We have an Agilent LC-QTOF using MassHunter Data Acquisition on a dedicated instrument PC (for sample running and quick analysis/monitoring) that is networked to our network drive for instrument data. Once acquired, raw data is copied from the PC to the network drive.
We then need to process the data. When we bought the instrument, we also got a range of Agilent provided compound libraries, and processing software including Mass Profiler Professional, Profinder, along with MassHunter Qual. and Quant. software. However, Agilent licensing agreements limit our use of the libraries and some software (MPP, Profinder) to one PC - which we have a shared data PC (Agilent provided) for this purpose. We have multiple users that can use the data PC and can remote in to, so it works ok.
However, the MassHunter software saves in a large data format, and this system is generating large data sets.
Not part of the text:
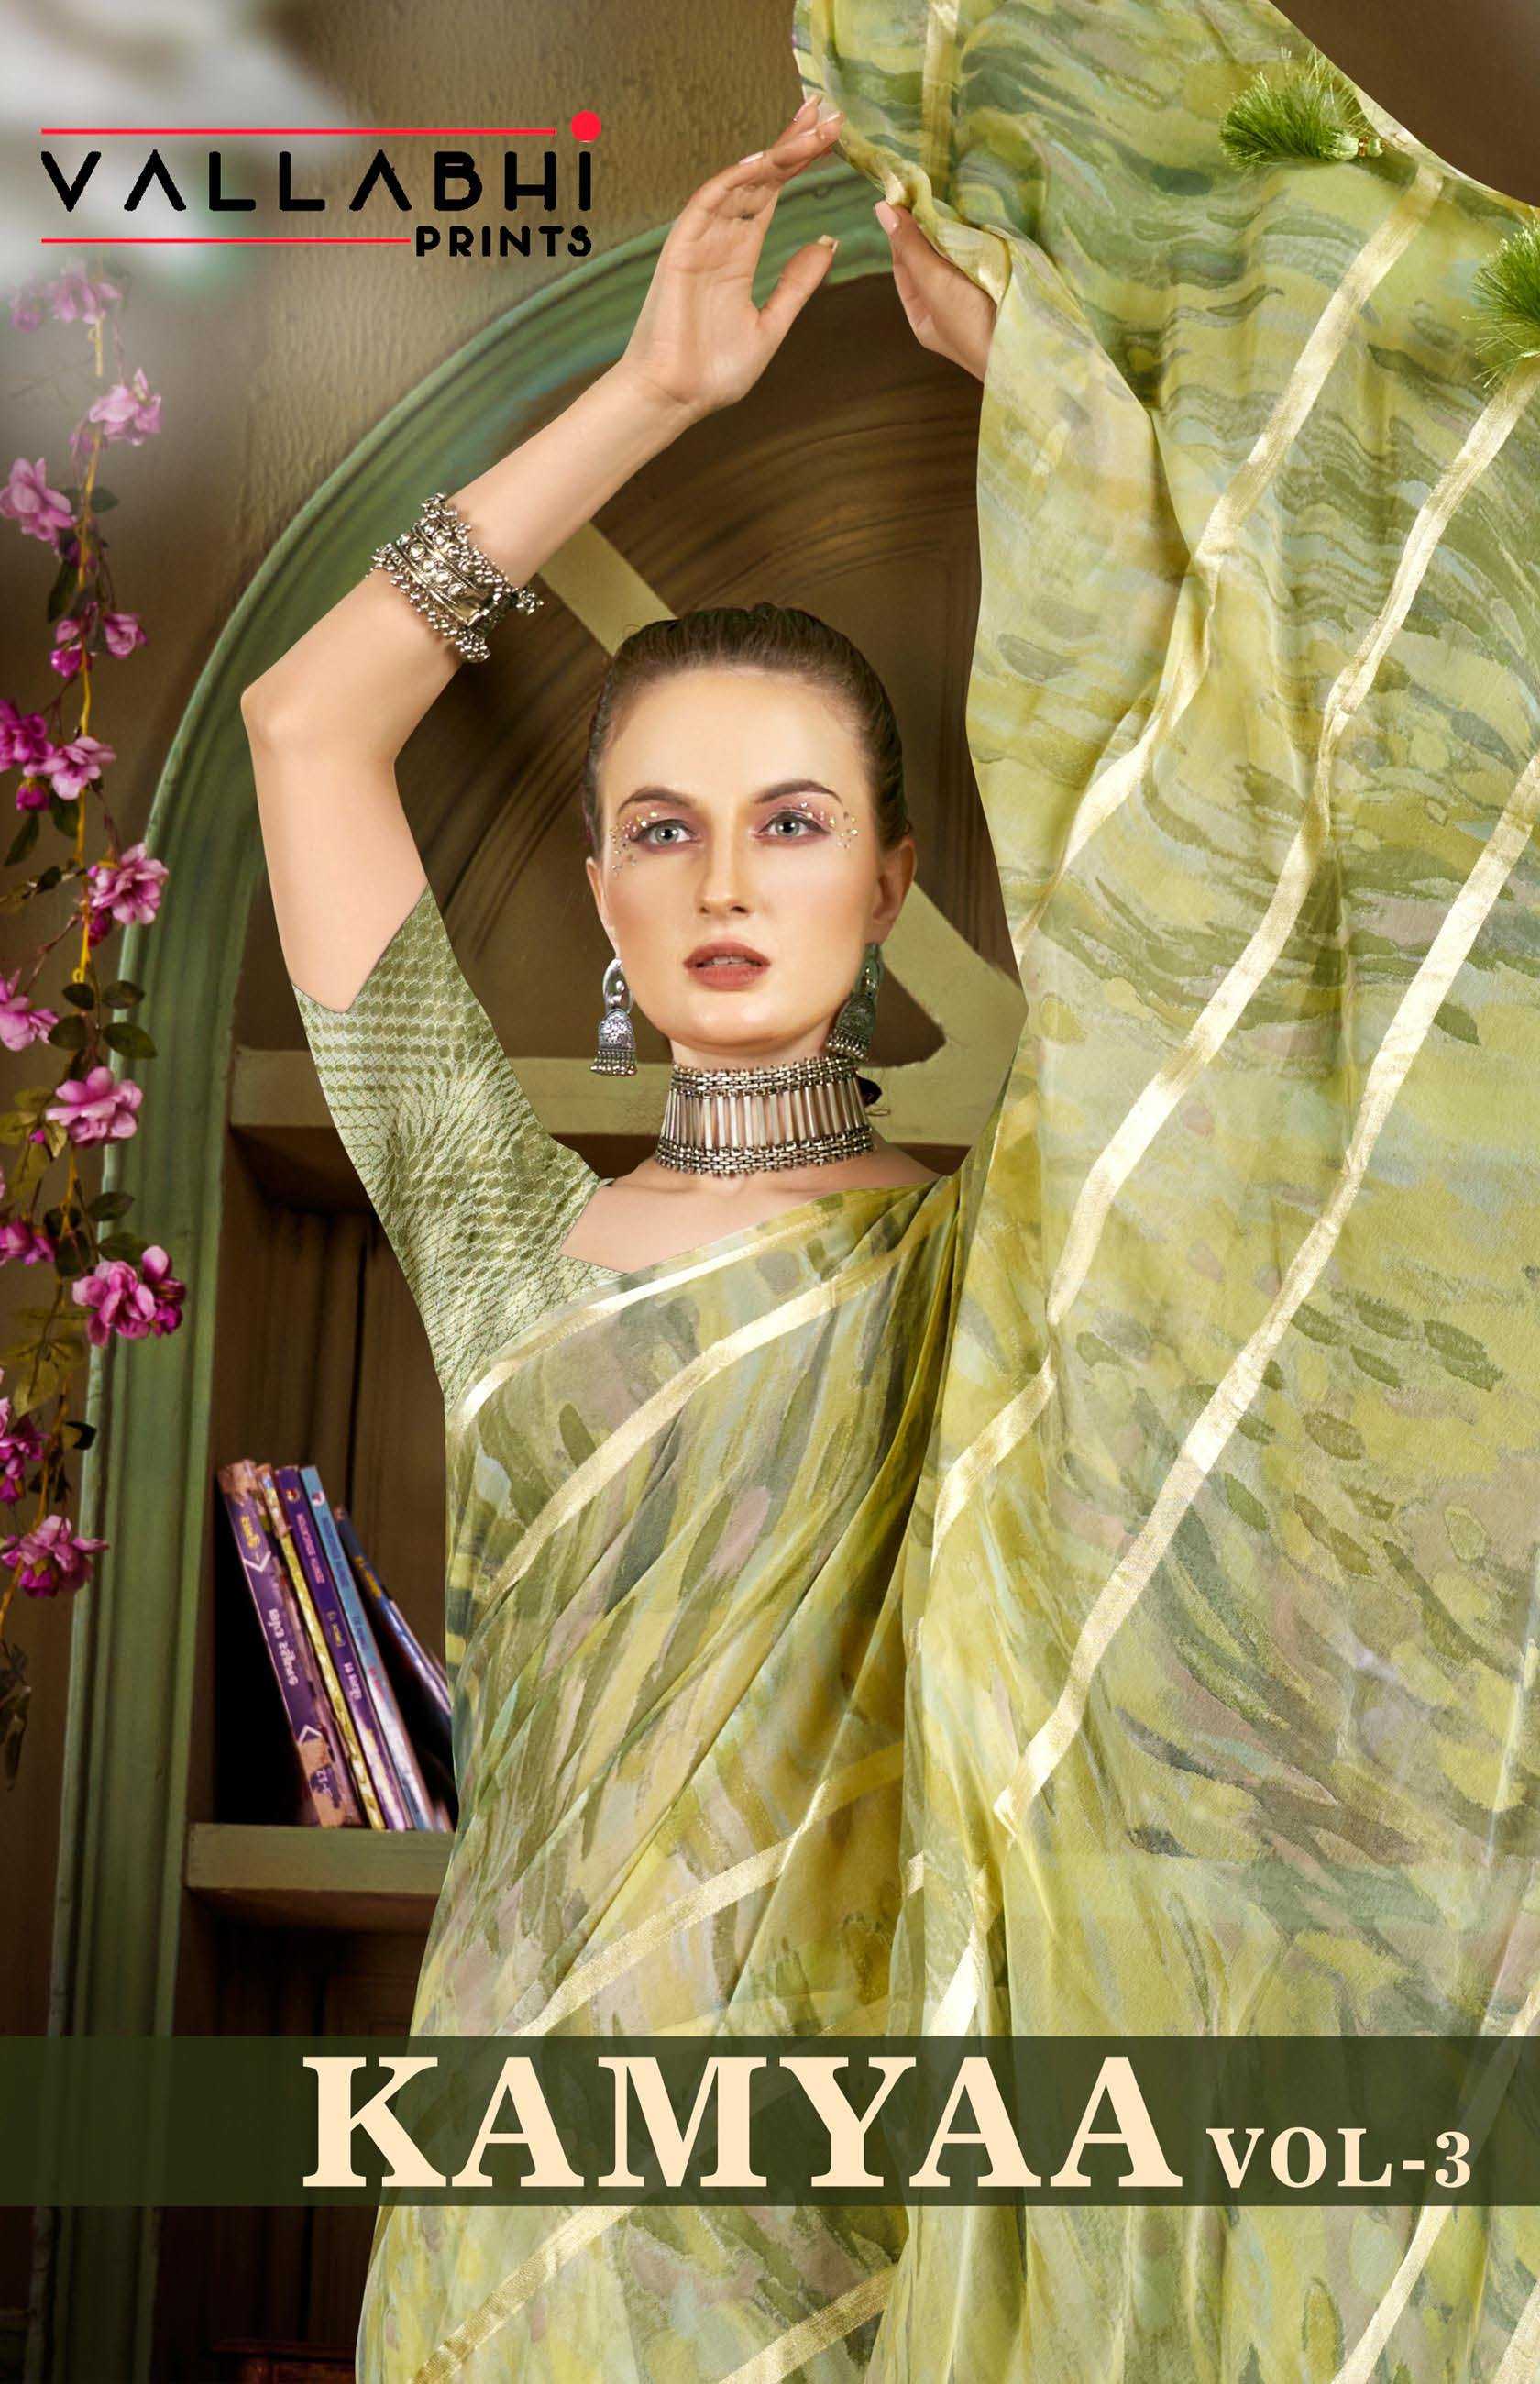 vallabhi prints presents kamyaa vol 3 trendy outfit georgette fancy comfy wear saree

The transferring of data between instrument PCs, network drives, and the data PC and back again is resulting in duplication of data and also filling up drives fast. For example: one set of samples (~20 samples) is 41 GB unprocessed and larger once processed with library searches etc. We are filling up a 500 GB hard drive within 2-3 months with LCMS data.

We are trying to get a better data management system in place, but it is complicated by the Agilent licensing rules, along with our own IT data and security policies. Ideally we need one that avoids using so much storage space but still retains all the data we need, in a format that can be used by our software (MH Qual. & Quant. particularly) and can be backed up.

My questions are:
1. Has anyone else had similar issues, and did you come up with any better solutions/processes?
2. Is there a better format to store/transfer MassHunter LCMS and MSMS data that is smaller but still compatible with MH, MPP, Profinder etc?
3. Is there an obvious solution that I'm missing?
4. or: are the data sizes what they are and un-avoidable and I just need to plead with IT for more space? ;)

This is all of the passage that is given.